Their goal: trace the level of COVID in human waste to gauge its spread in individual cities and states. Scientists are even able to follow the trail further downstream, tracing particular variants to neighborhoods, and even buildings like offices.
But is it ethical?
Wastewater surveillance is a decades-old approach to epidemiology. It rose to prominence during the beginning of the COVID-19 pandemic, when it allowed universities to efficiently track outbreaks in dorms and quarantine accordingly. With COVID testing becoming less and less frequent, it’s become public health officials’ best tell of disease spread in the community.

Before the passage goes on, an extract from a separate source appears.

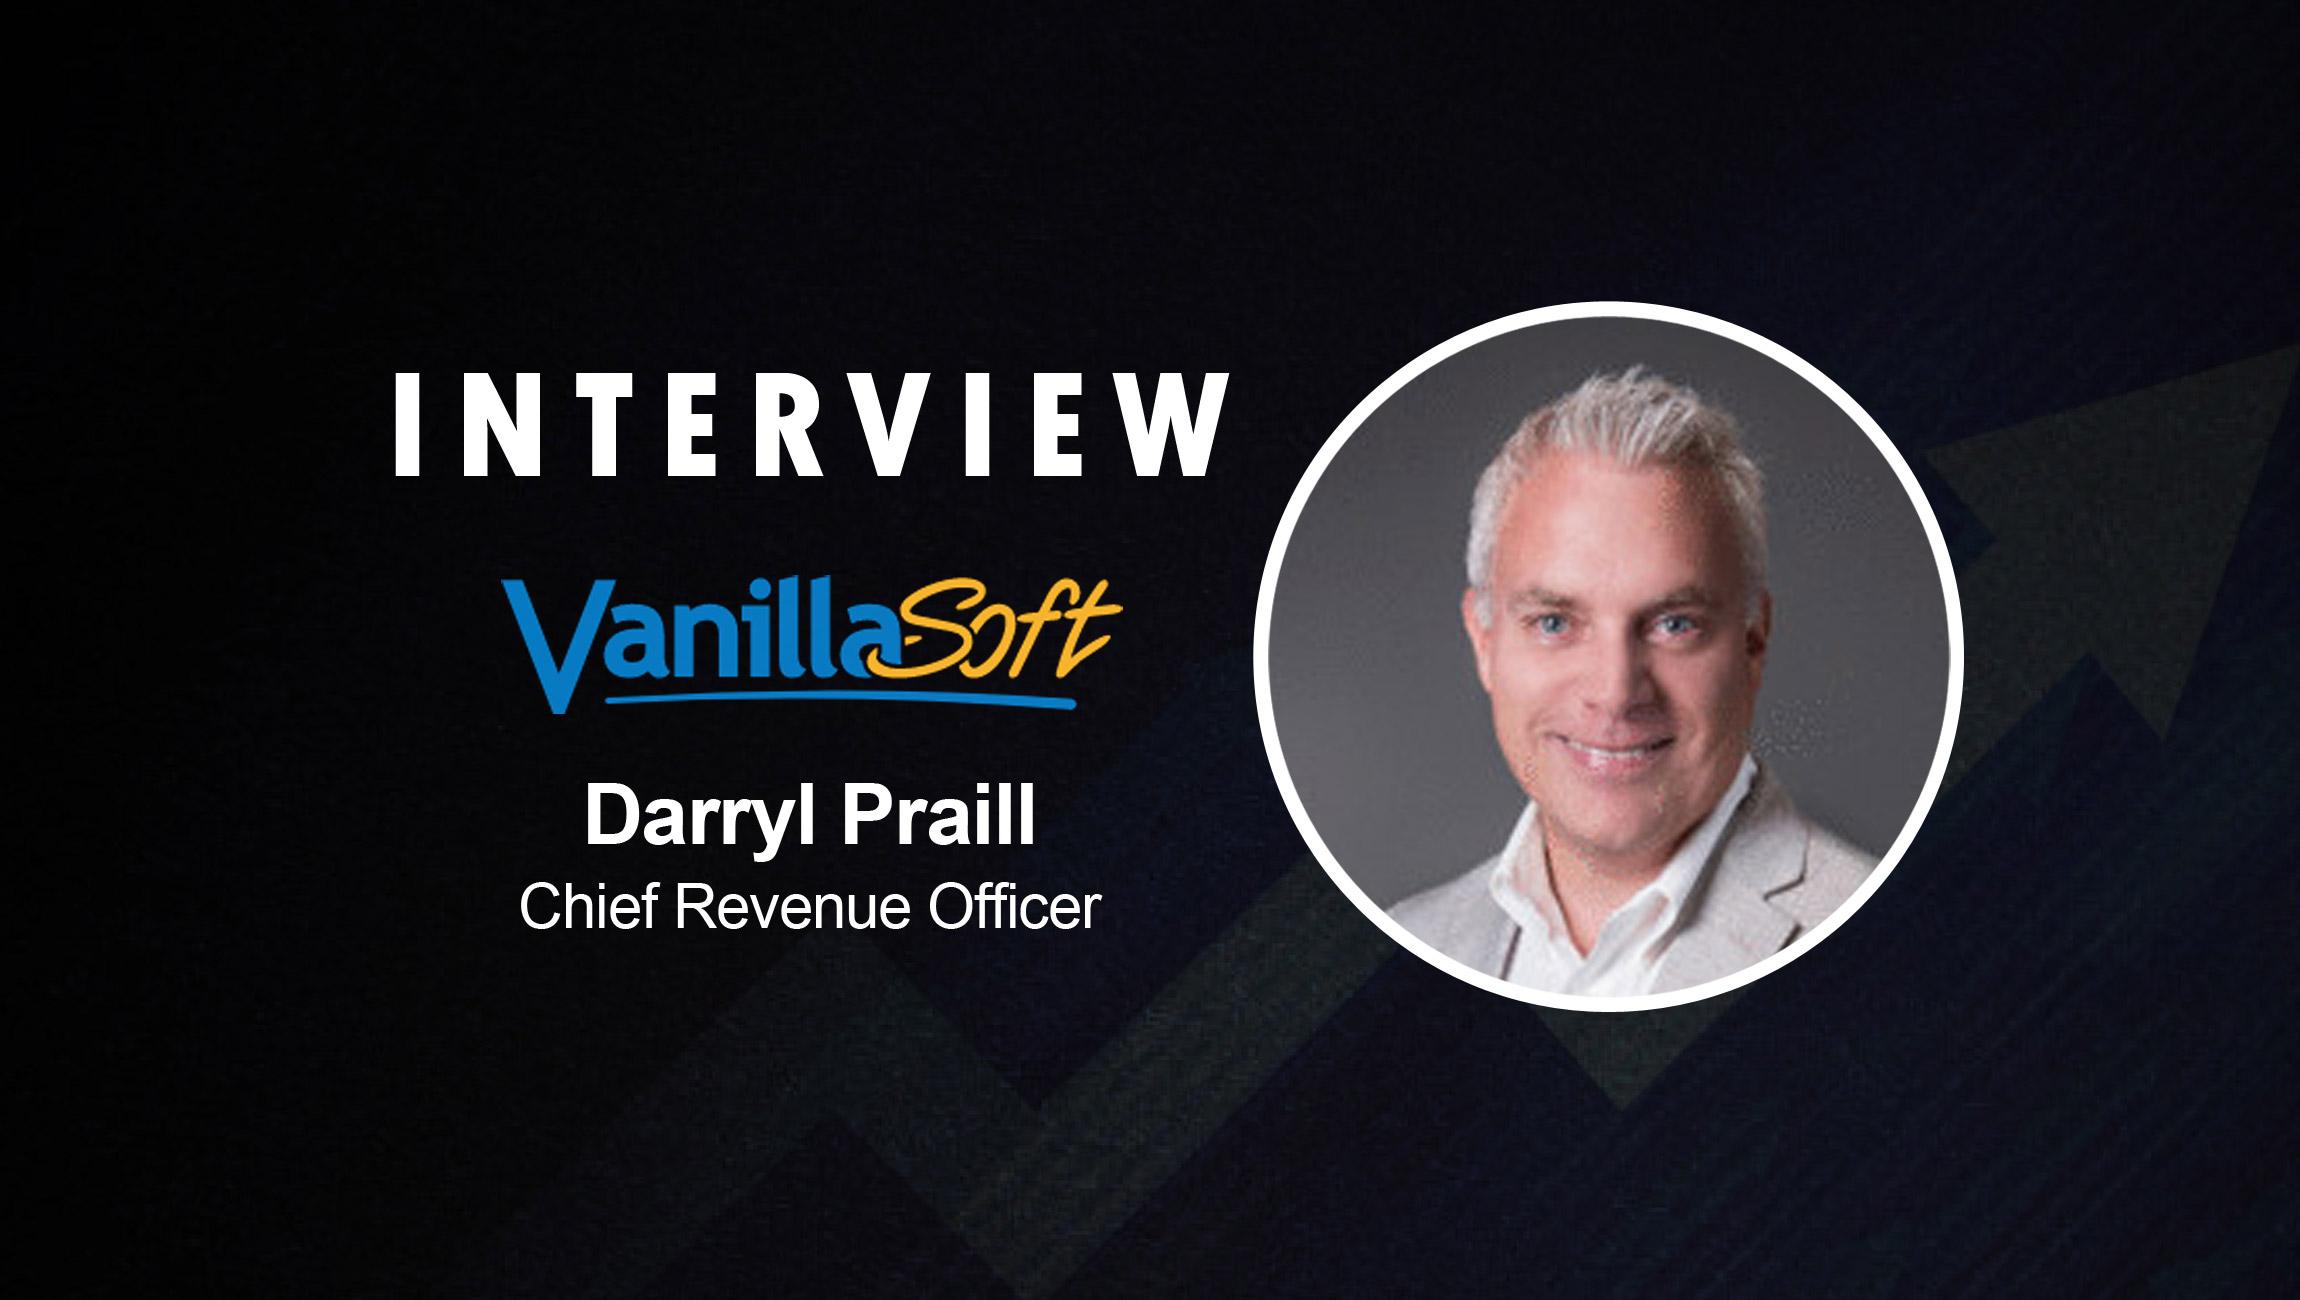 SalesTechStar Interview with Darryl Praill, Chief Revenue Officer at VanillaSoft

But a science that has a potential to do so much good—some say it could help thwart the next pandemic—can also be misused. Determined sleuths can track a particularly curious strain of a virus to a region, then a neighborhood, then a location as specific as a home. And all this without your consent or even knowledge.
“On its face, it’s not unethical,” Dr. David Larson, an environmental epidemiologist at Syracuse University in New York who studies wastewater, said of large-scale wastewater surveillance. But “ethical issues are very prominent” when the search becomes more targeted, he said, like tracing a specific viral variant found in a city sewer to a finite location. “I’m nervous about that, personally,” he said.
The signal in the sewer
A recent article in Nature highlighted the search of university scientists in Wisconsin for the source of a concerning, heavily-mutated COVID variant. They hypothesized that it came from someone with a long-term COVID infection that likely receded from the lungs to the gut, where immune cells are less aggressive.
They traced the curious variant—initially found in wastewater from more than 100,000 state residents and countless animals—from the main plant to district lines, to sub-district lines, to city manholes, to village manholes, to facility lines, to toilets, Nature reported.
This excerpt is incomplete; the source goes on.